- **Task goal**
Beginning with the line that contains "Soap Making Kit Natural Exfoliants", restate each line below through the final one exactly, and exclude the pictures.

- **Given material**
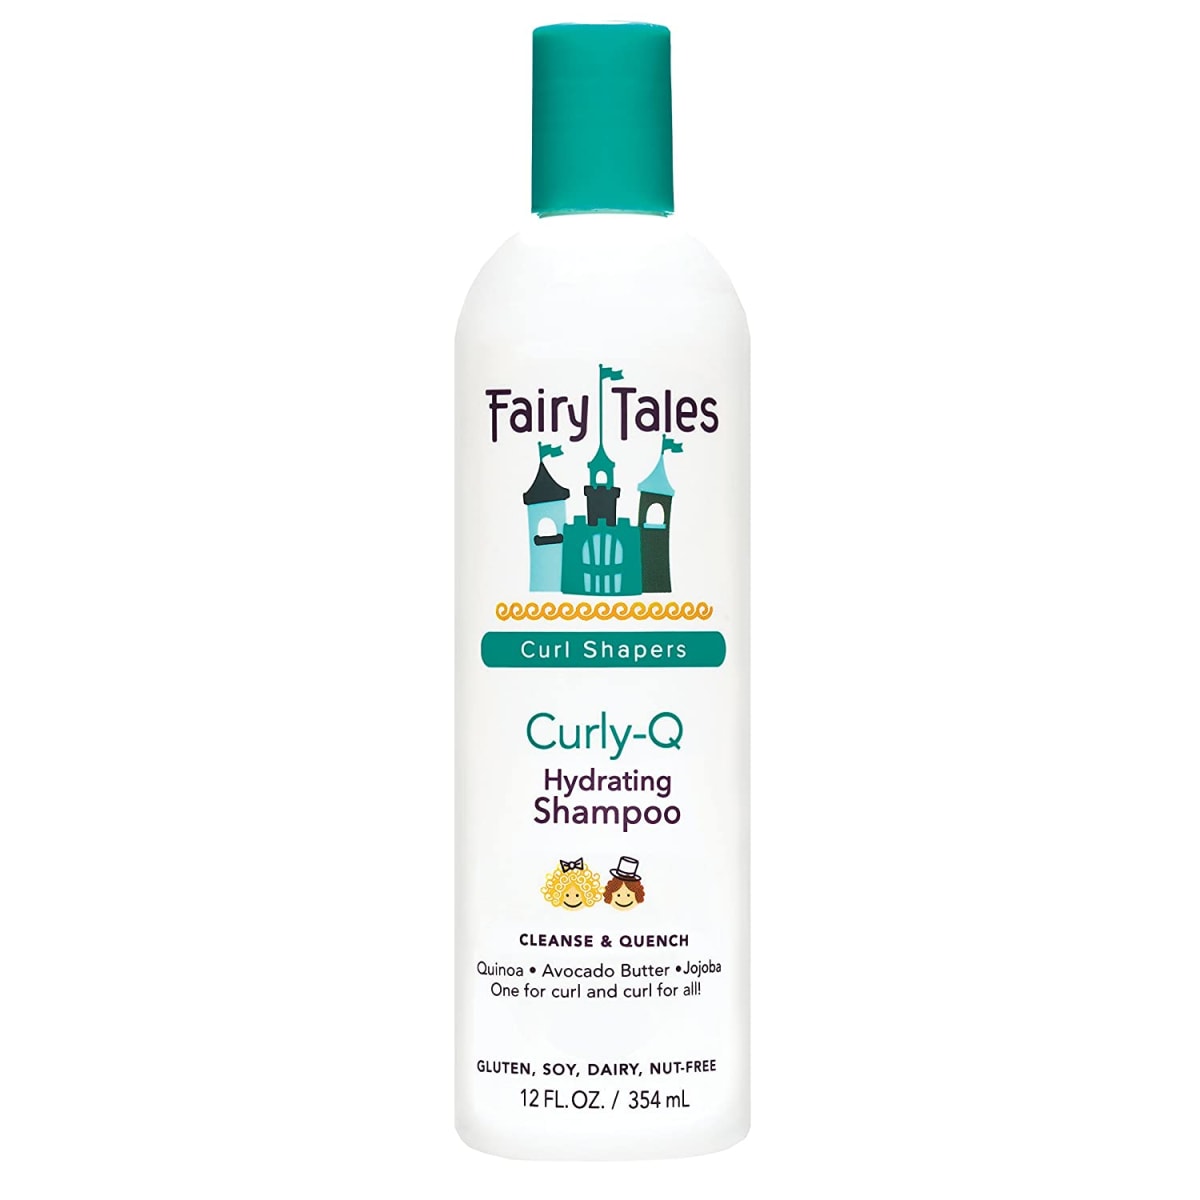 Curly-q Daily Hydrating Shampoo
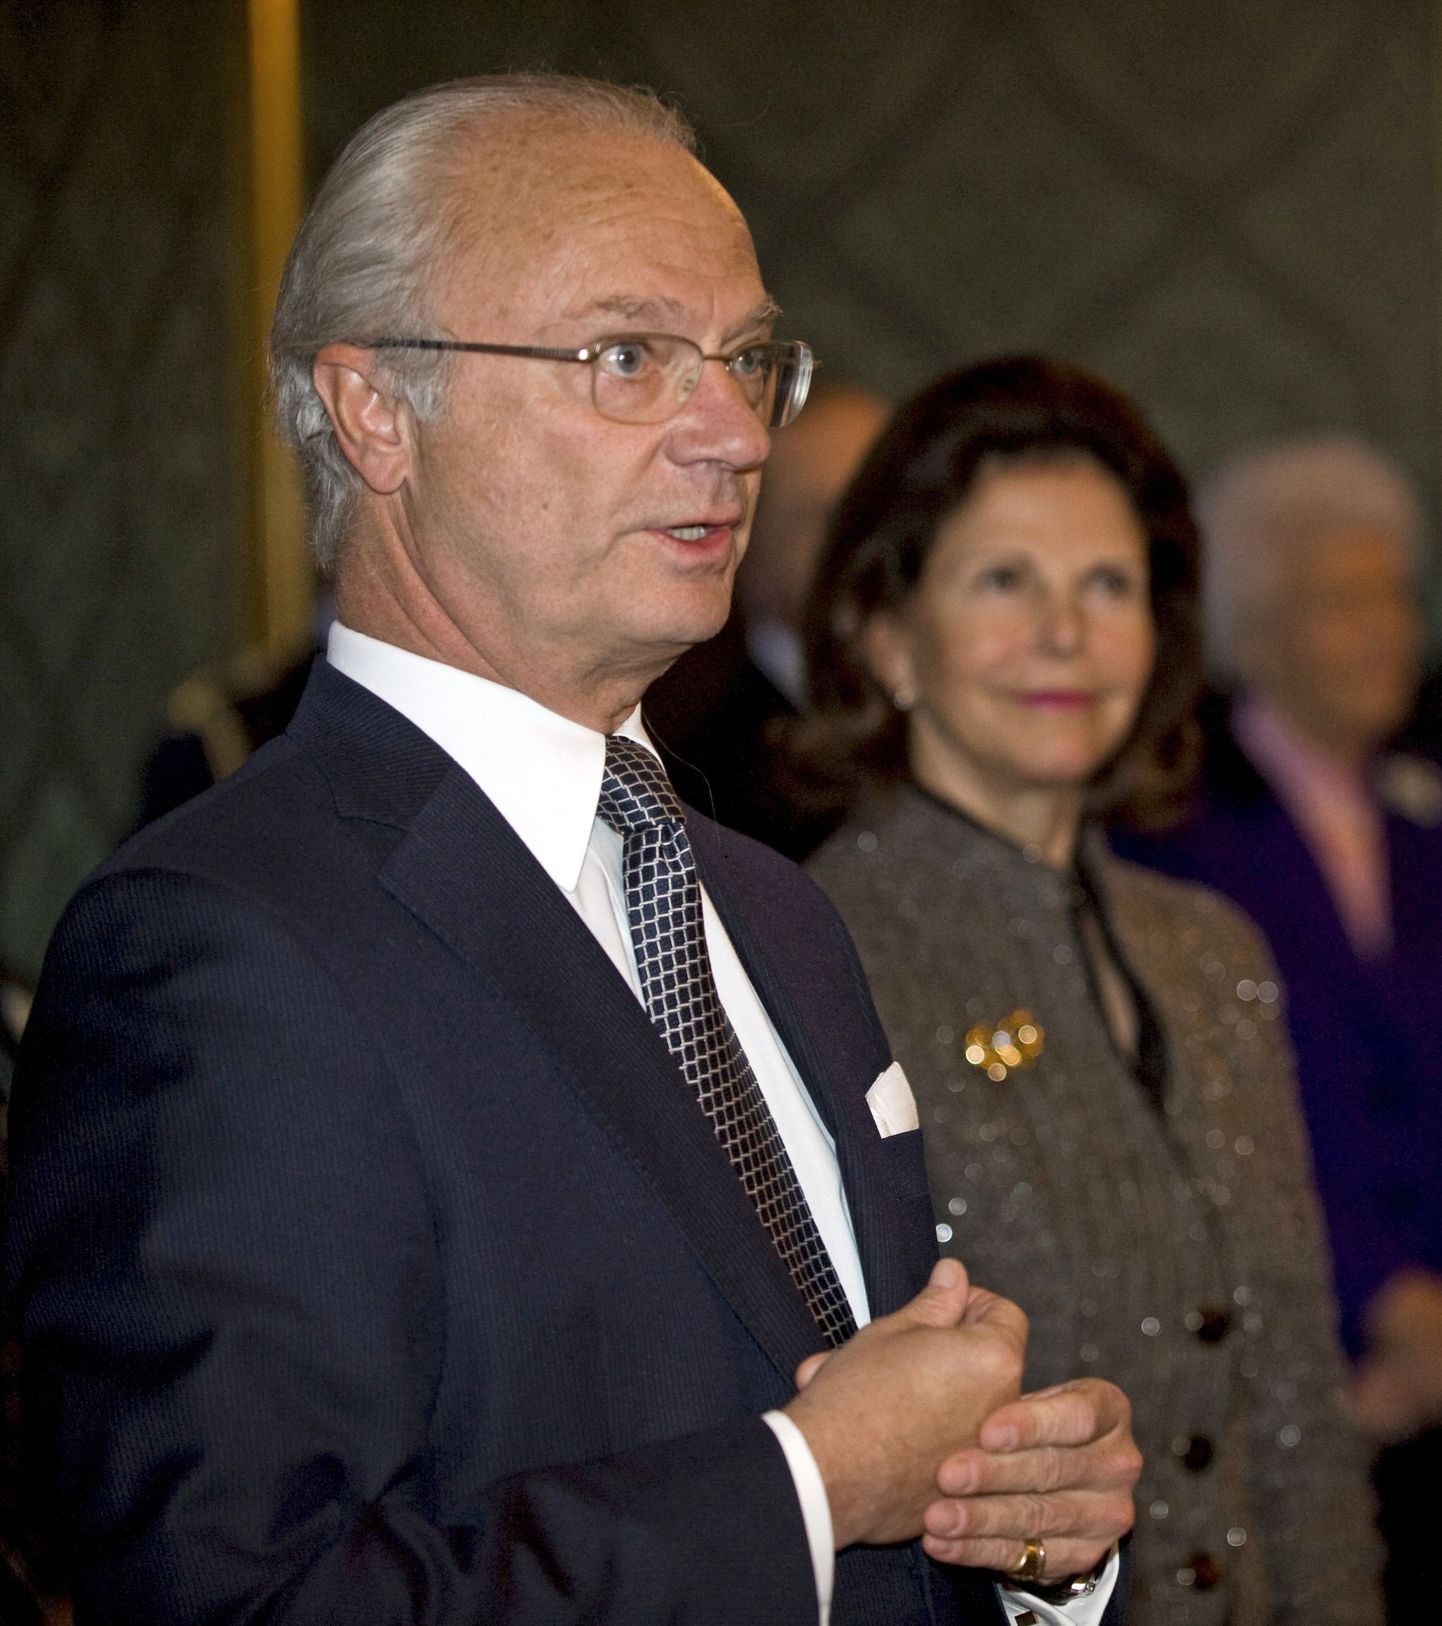 Rootsi kuningas Carl XVI Gustaf jaanuaris koos kuninganna Silviaga.
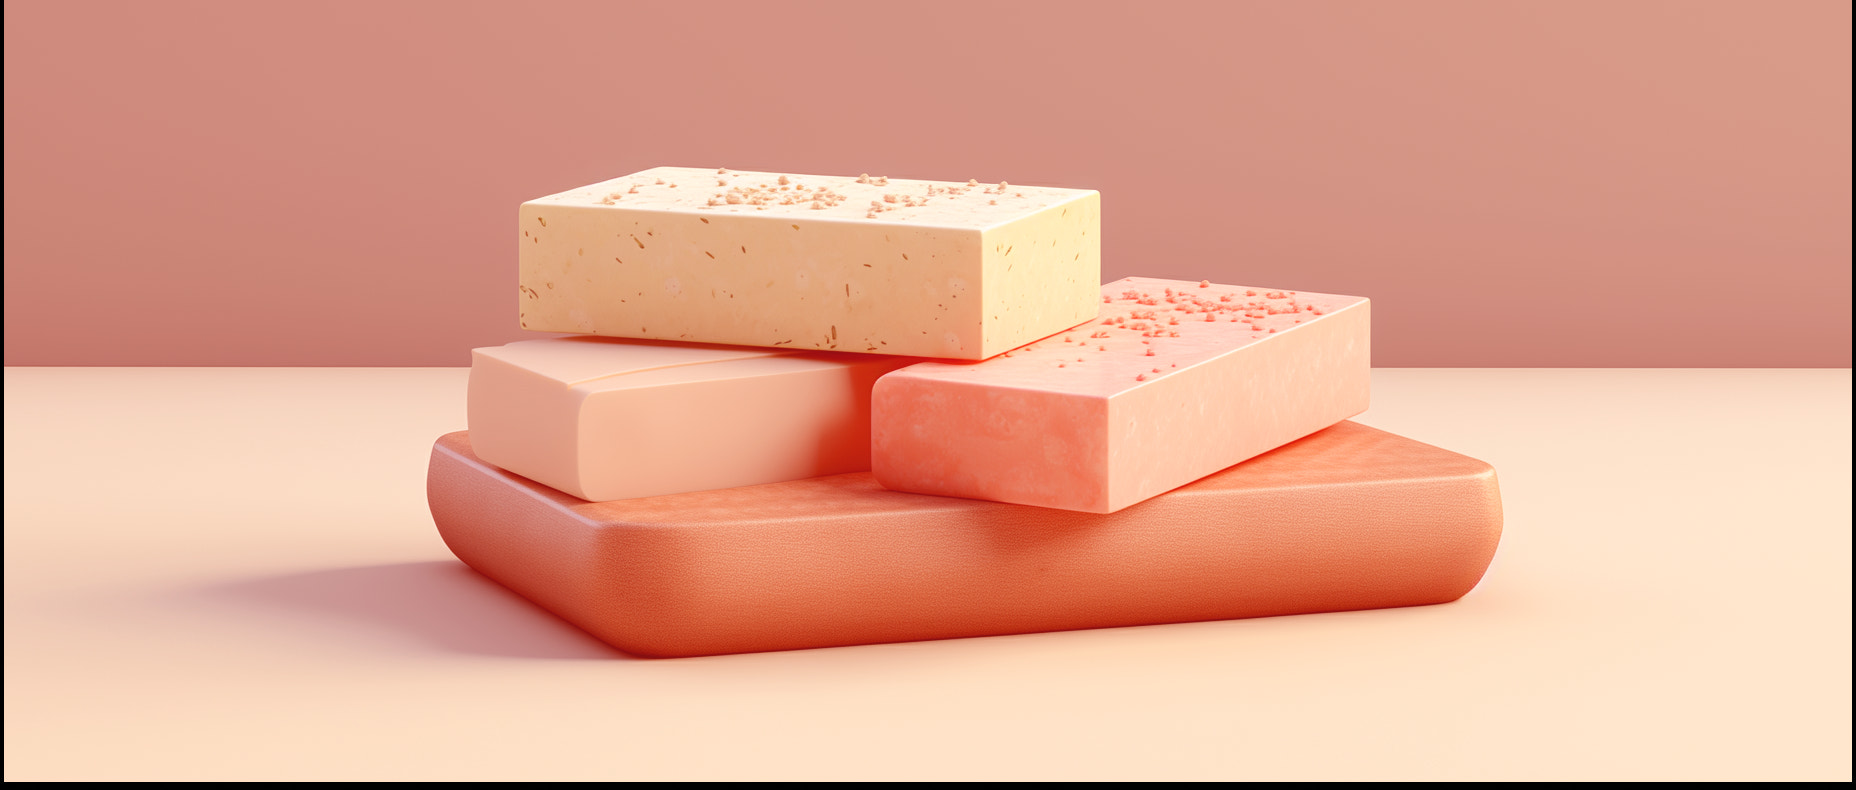 Soap Making Kit Natural Exfoliants
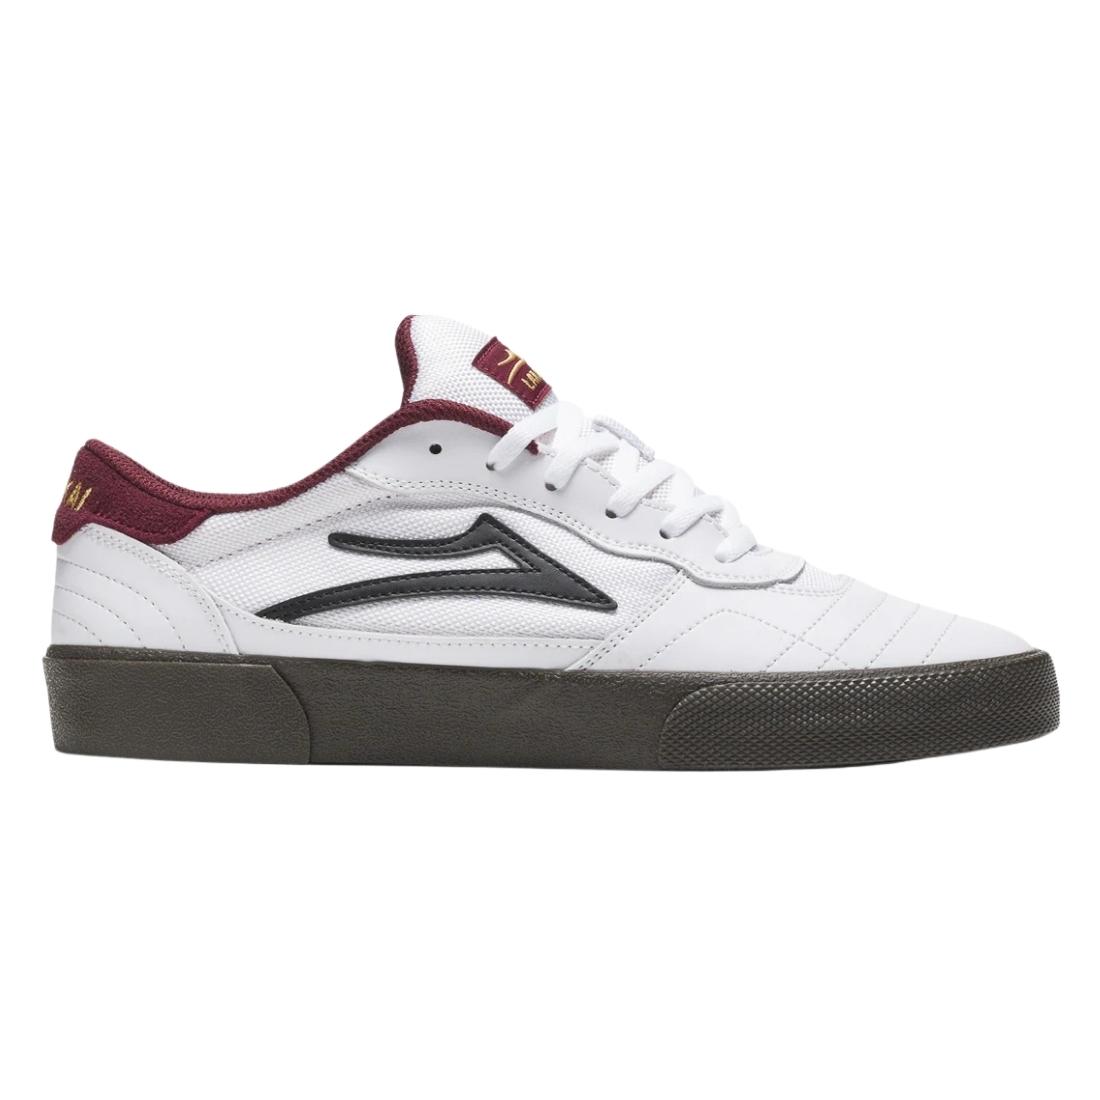 Lakai Cambridge Skate Shoes - White/Gum Leather - Mens Skate Shoes by Lakai

- **Your solution**
 Soap Making Kit Natural Exfoliants
 Lakai Cambridge Skate Shoes - White/Gum Leather - Mens Skate Shoes by Lakai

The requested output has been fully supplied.